Printing a ColoredPattern shows the original and compressed patterns side by side, along with a summary of the coloring:

from asdex import jacobian_coloring

coloring = jacobian_coloring(f, input_shape=200)

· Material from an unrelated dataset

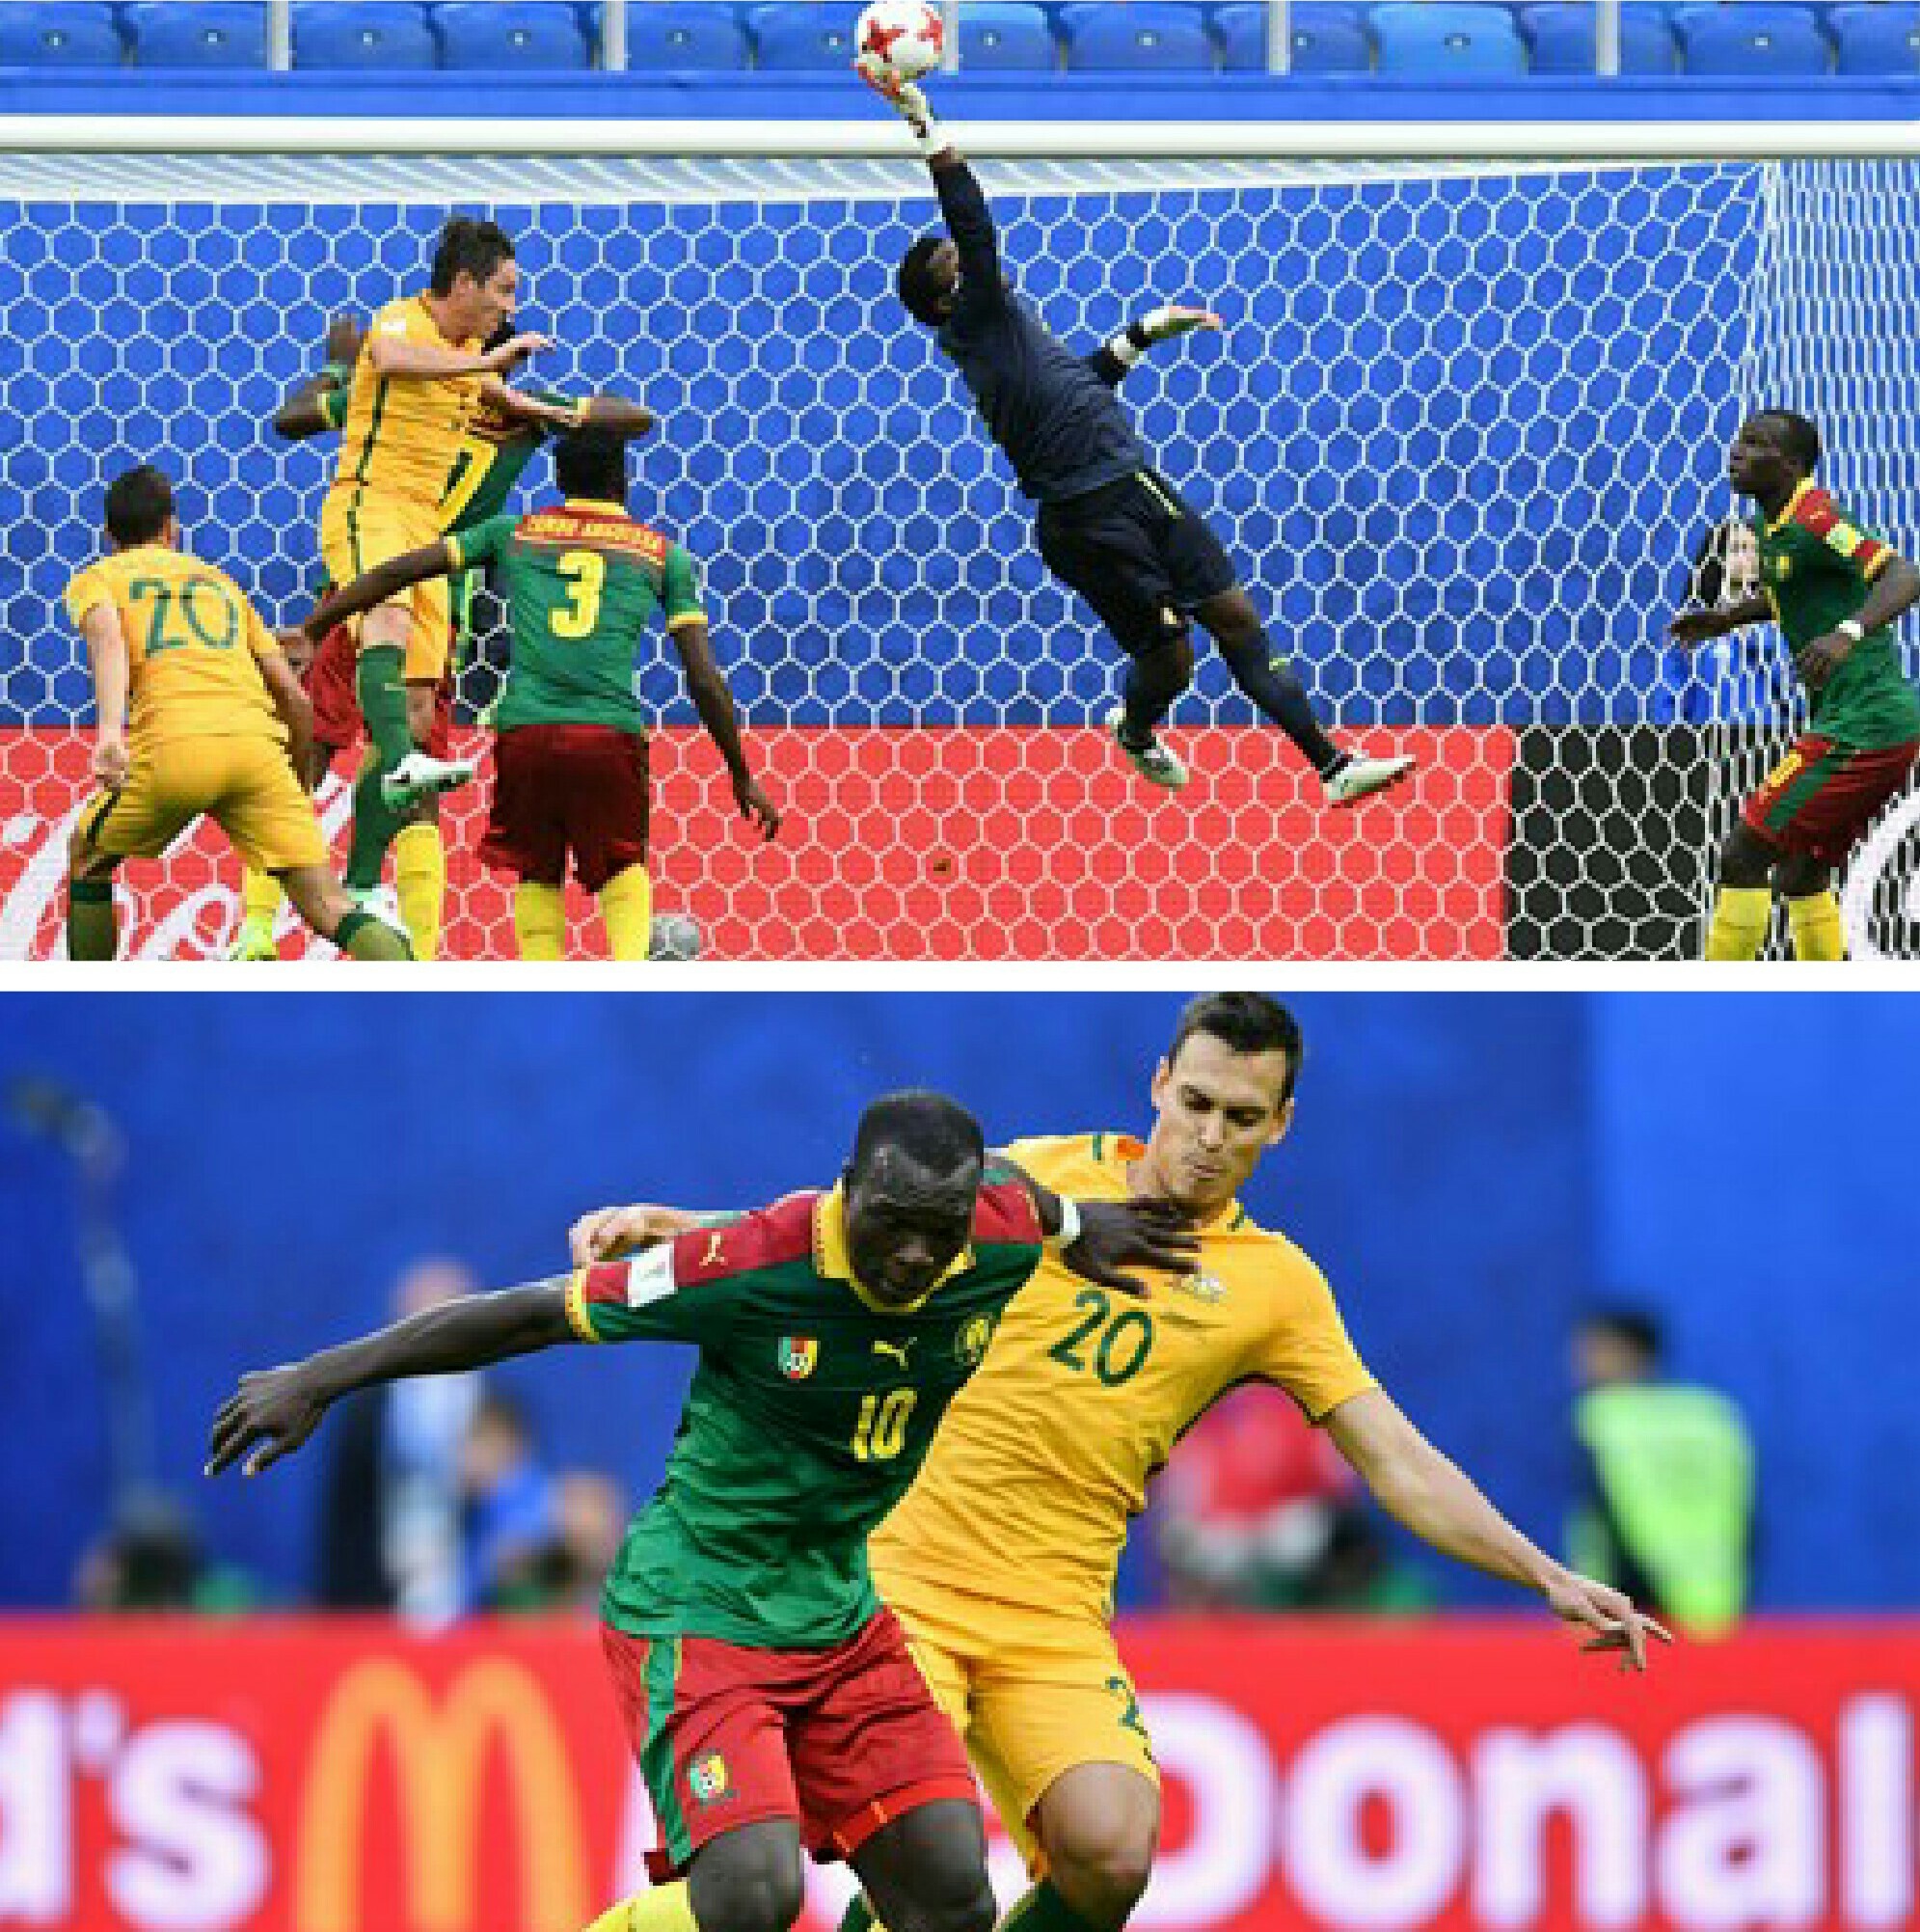 Confed. Cup: Cameroon, Australia Share The Spoils In 1-1 Draw

ColoredPattern(199×200, nnz=398, sparsity=99.0%, JVP, 2 colors)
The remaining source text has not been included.